More substantively, in the past when I was involved in negotiating the Uruguay round, for example, one thing that disturbed me was the difficulty of becoming accountable to the House—then the House of Commons—for what I was doing. It is quite difficult for Ministers to be accountable for something that they are negotiating, because they can always come back and say, “We got the best possible deal. If it hadn’t been for my brilliant negotiation, it would be even worse”. It is very hard for the House to respond to that. That left me feeling uneasy. If we can find a way to ensure that negotiations are properly reported, assessed and held accountable to the House, that is a good thing. One of the bad consequences of them not being accountable is that officials did not take the job of being accountable to Parliament at all seriously. They felt they were accountable to the international organisations with which they were negotiating. One needs to be worried about that and it is why it is important that we have accountability. If Parliament holds Ministers accountable, officials will be responsive to Ministers and to what the House wants—not to what international organisations and their peers in other organisations want.
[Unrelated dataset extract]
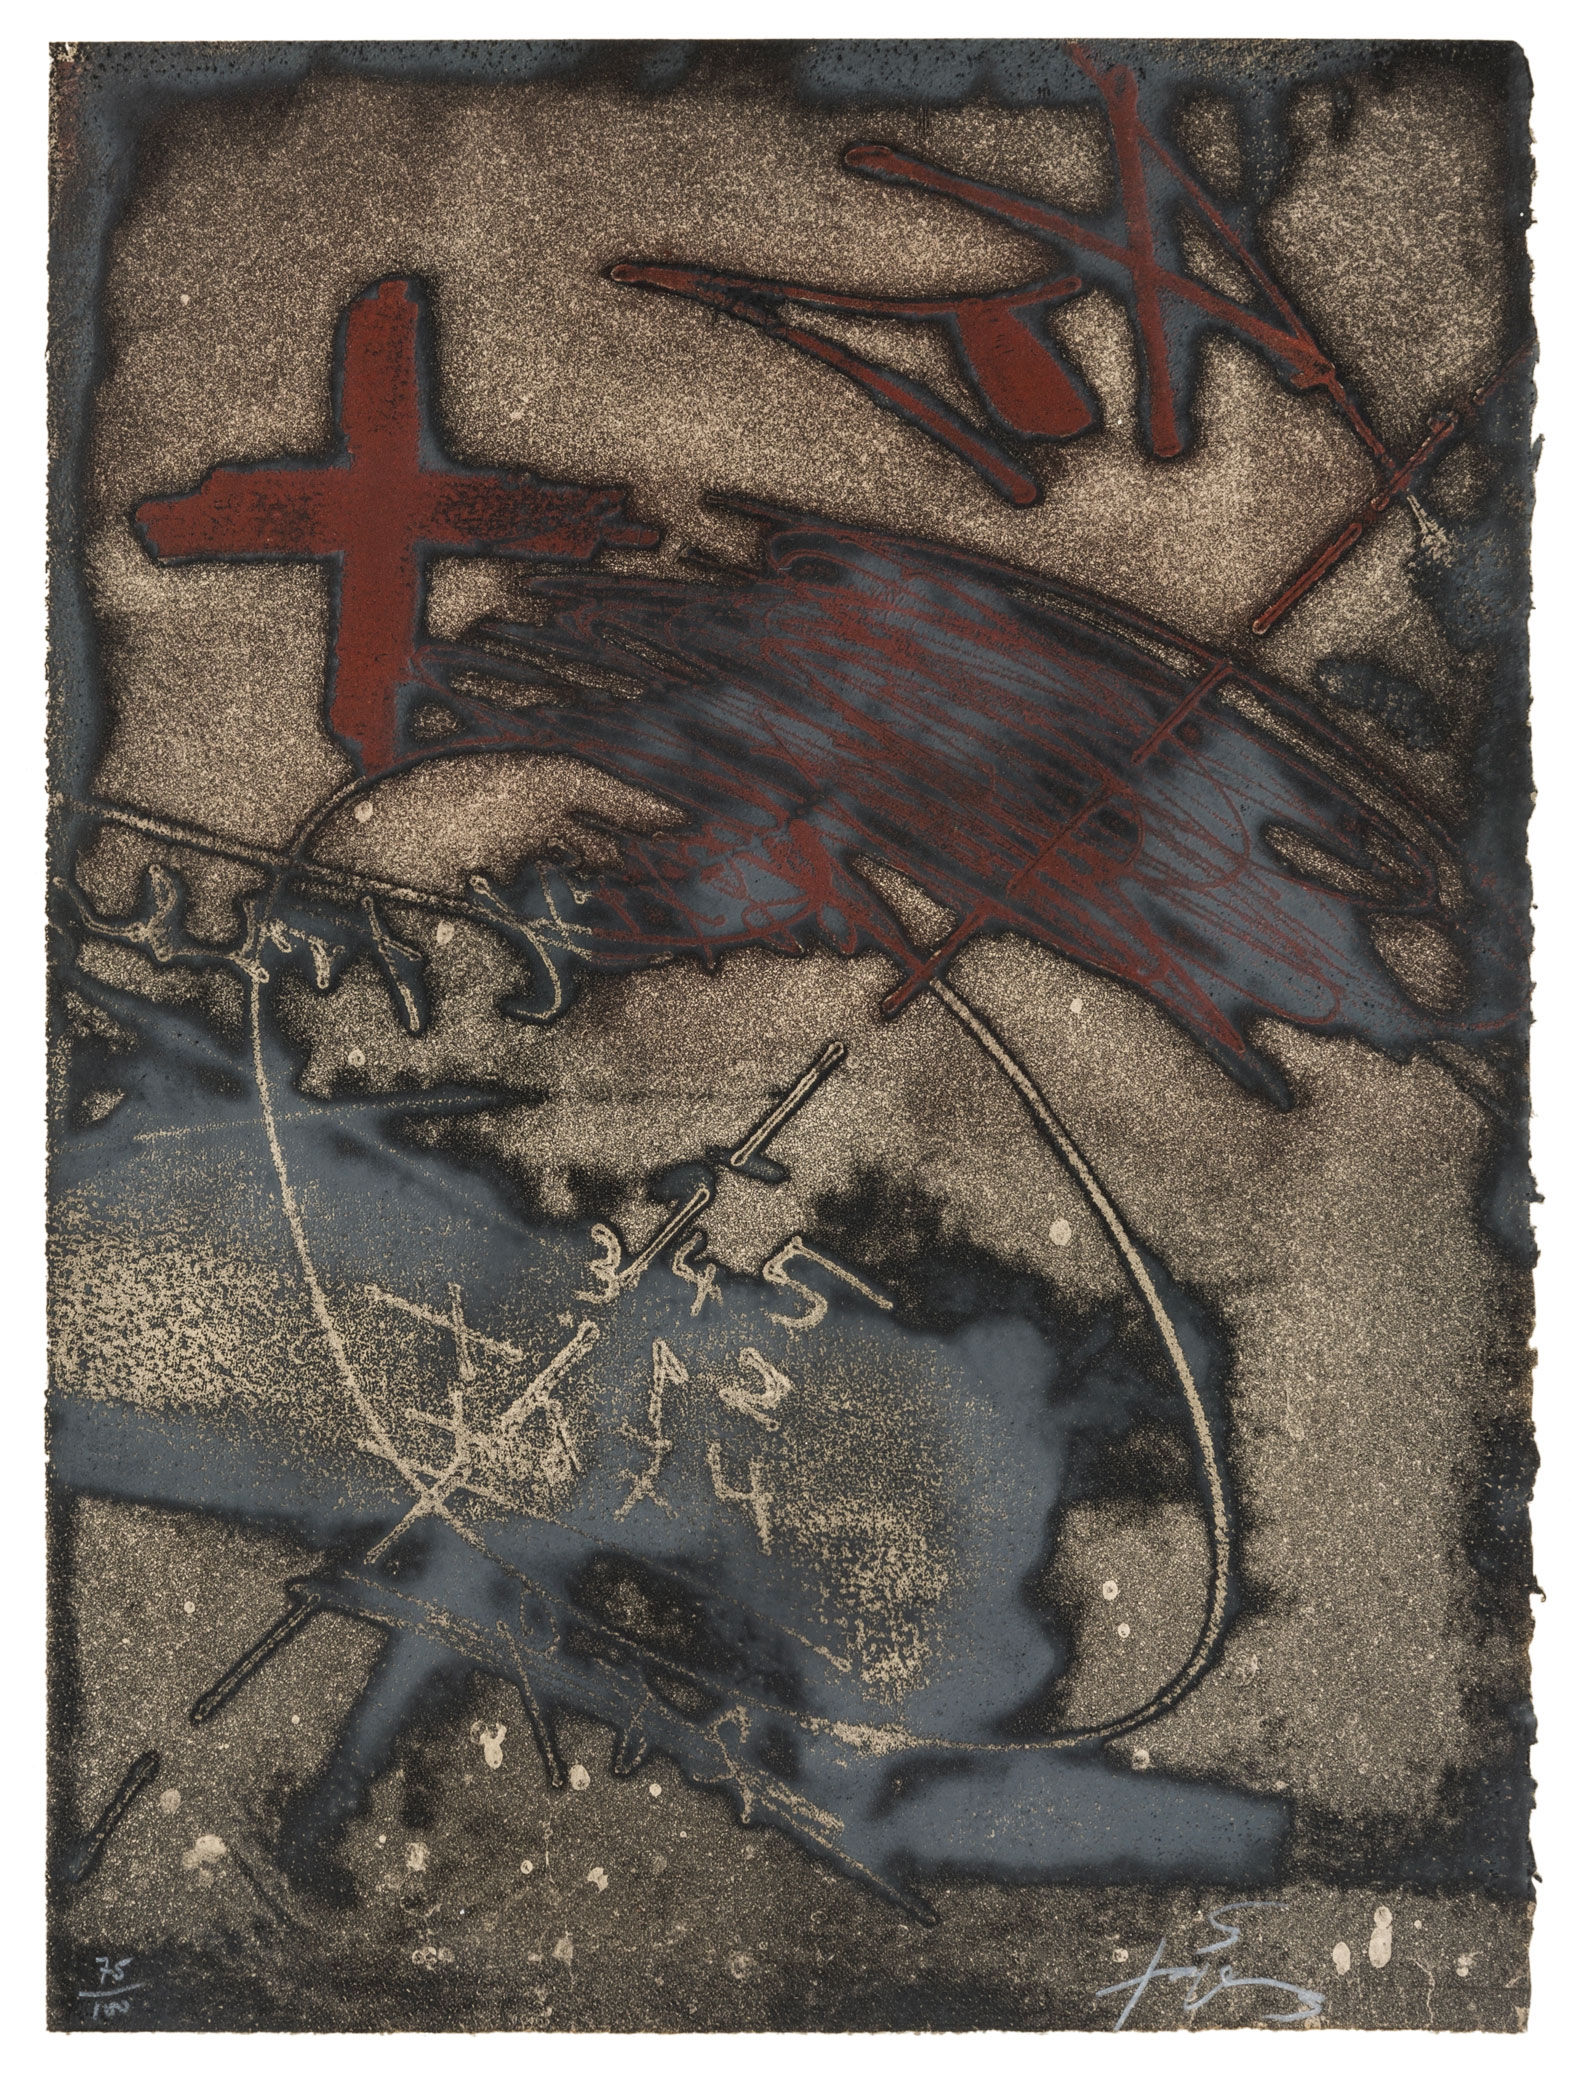 Paroles peintes V by Antoni Tàpies, 1975

That is not a party-political point. When I made that point in the Commons, my Labour opposite number came up and said it was exactly the sort of thing she experienced, not in trade matters but in other matters. Where she was not responsible to the House, officials did not take that responsibility seriously. The noble Lord and his colleagues are on to something important with their approach, which I prefer to the simplicity of the approach of my noble friend Lady Neville-Rolfe. When we have our independent trade policy, it will be important to find ways to hold Ministers to account.